Sign-reversal and non-monotonicity of chirality-related anomalous Hall effect in highly conductive metals

TL;DR

This paper investigates the complex temperature-dependent behavior of the anomalous Hall effect in conductive metals, revealing how spin correlations influence its sign and magnitude.

Contribution

It identifies two key mechanisms—competition between short- and long-range spin correlations and non-monotonic spin correlation in high fields—that cause non-monotonicity and sign reversal.

Findings

Non-monotonic temperature dependence of Hall effect due to spin correlations

Sign reversal linked to high-field spin correlation effects

Hall effect reflects local spin correlation mechanisms

Abstract

The non-monotonic temperature dependence and sign reversal of chirality-related anomalous Hall effect in highly conductive metals are studied. Through the analysis of scattering rate, we find that the non-monotonicity and sign reversal have two major origins: (1) competition between the contribution from short-range and long-range spin correlations and (2) non-monotonic spin correlation in the high field.

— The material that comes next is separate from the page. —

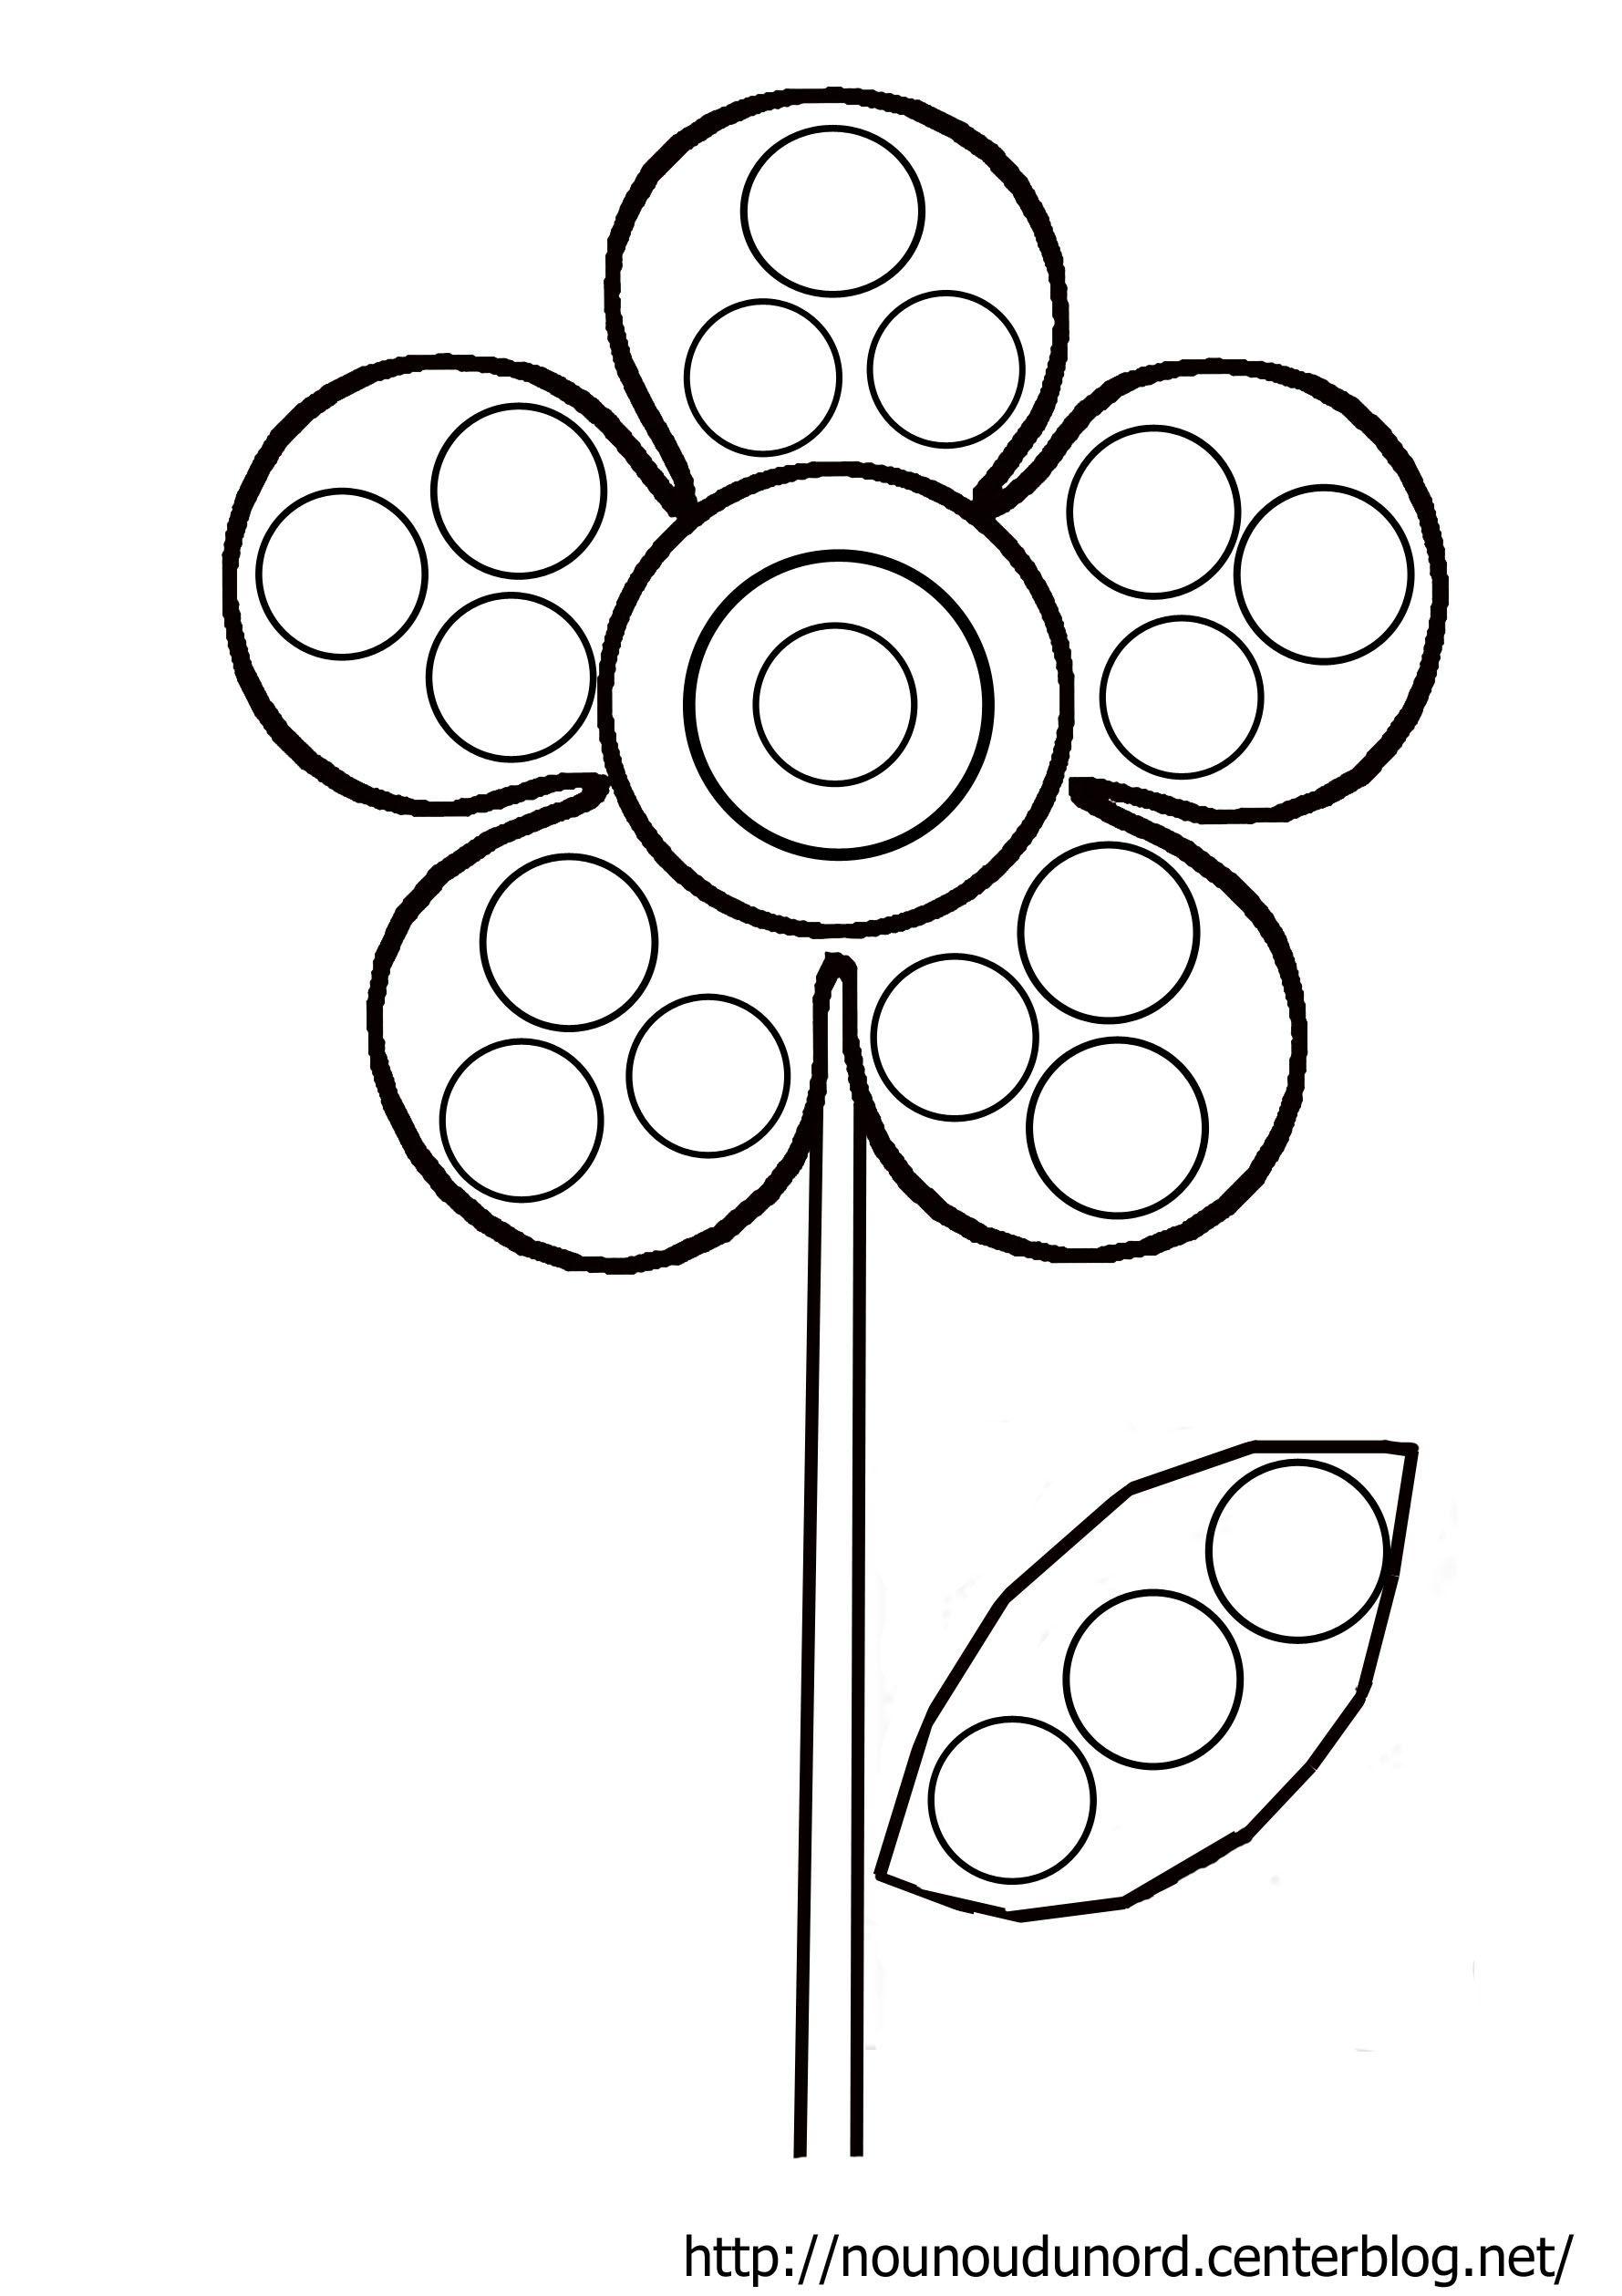 Image du blog activit s enfants pinterest coloriage fleur - Coloriage fleur nounou du nord ...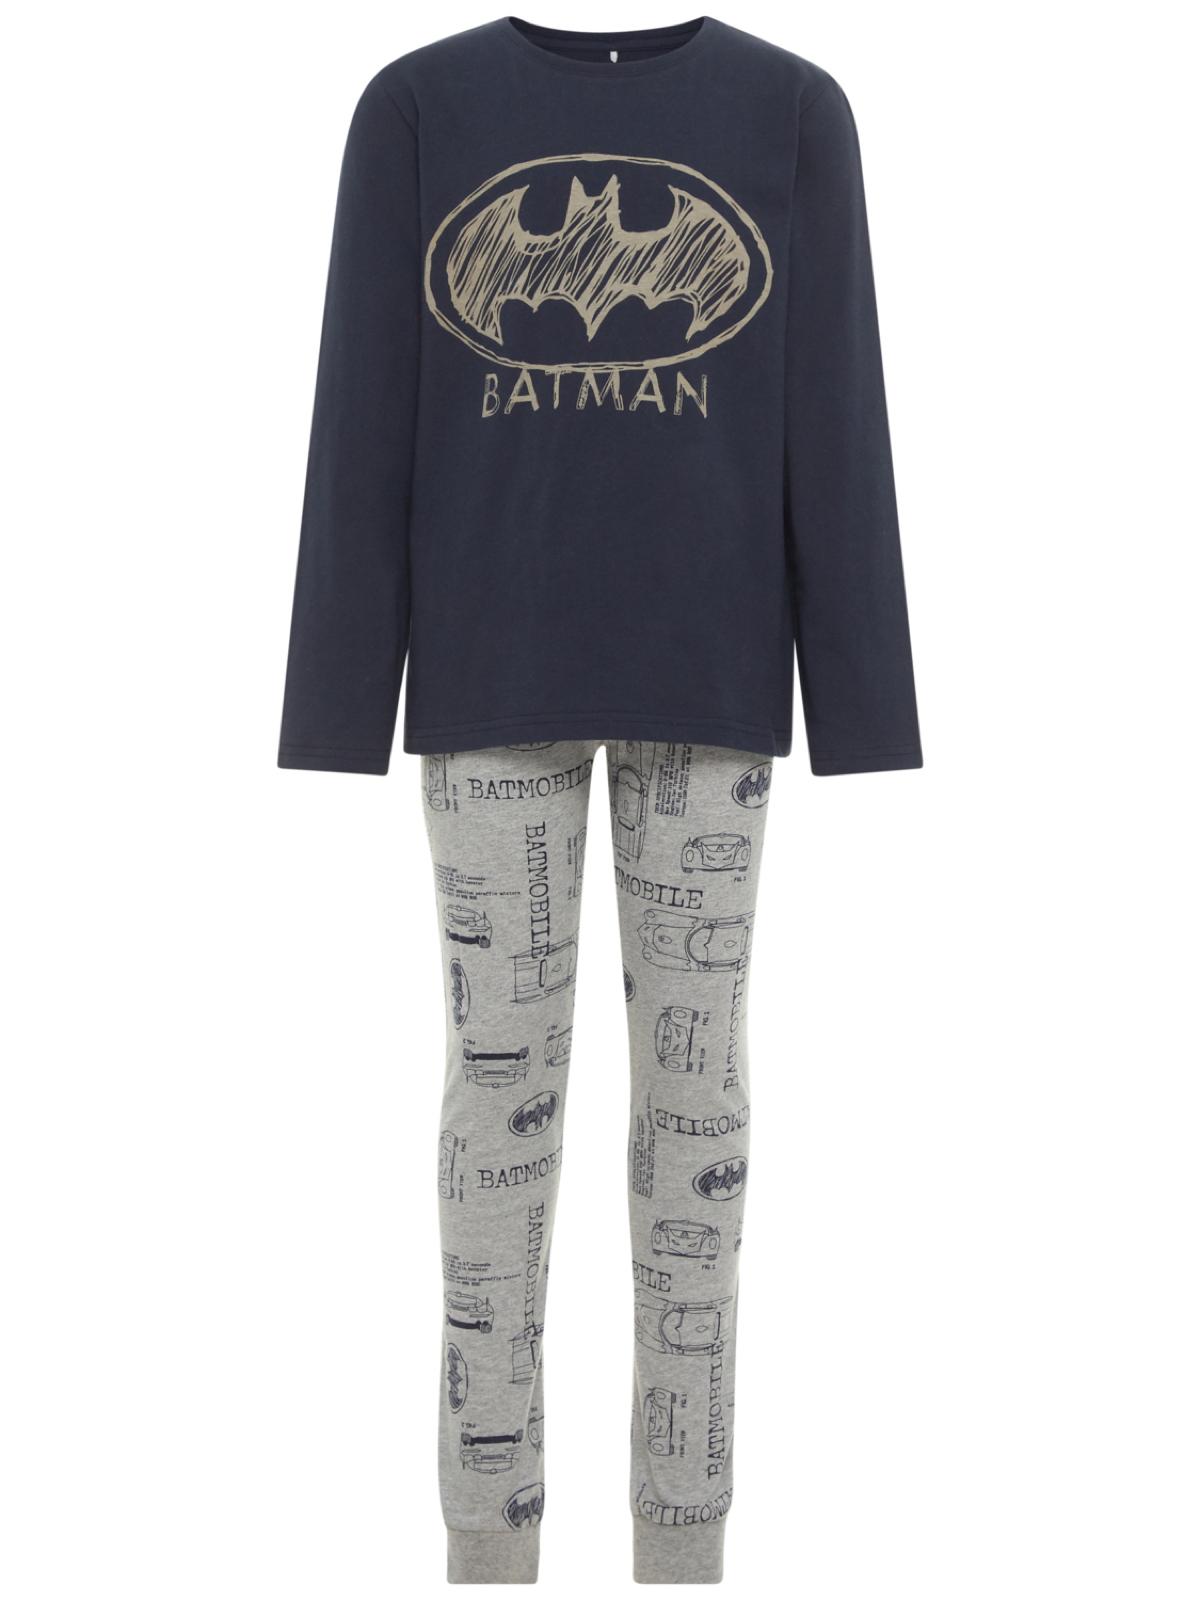 ba30abc755 name it Jungen Pyjama Zweiteiliger Schlafanzug NkmBatman Batman Motiv  Baumwolle

The former mechanism gives rise to non-monotonic temperature dependence in a wide range of electron density and, in some cases, a sign reversal of Hall resistivity as the temperature decreases. On the other hand, the latter mechanism is responsible for the sign reversal of Hall conductivity in the high field, which sign reversal generally occurs in magnets with antiferromagnetic interactions. The results demonstrate how the Hall effect reflects local spin correlation and provide insights into the mechanism of non-monotonicity and sign reversal of the anomalous Hall effect by spin chirality.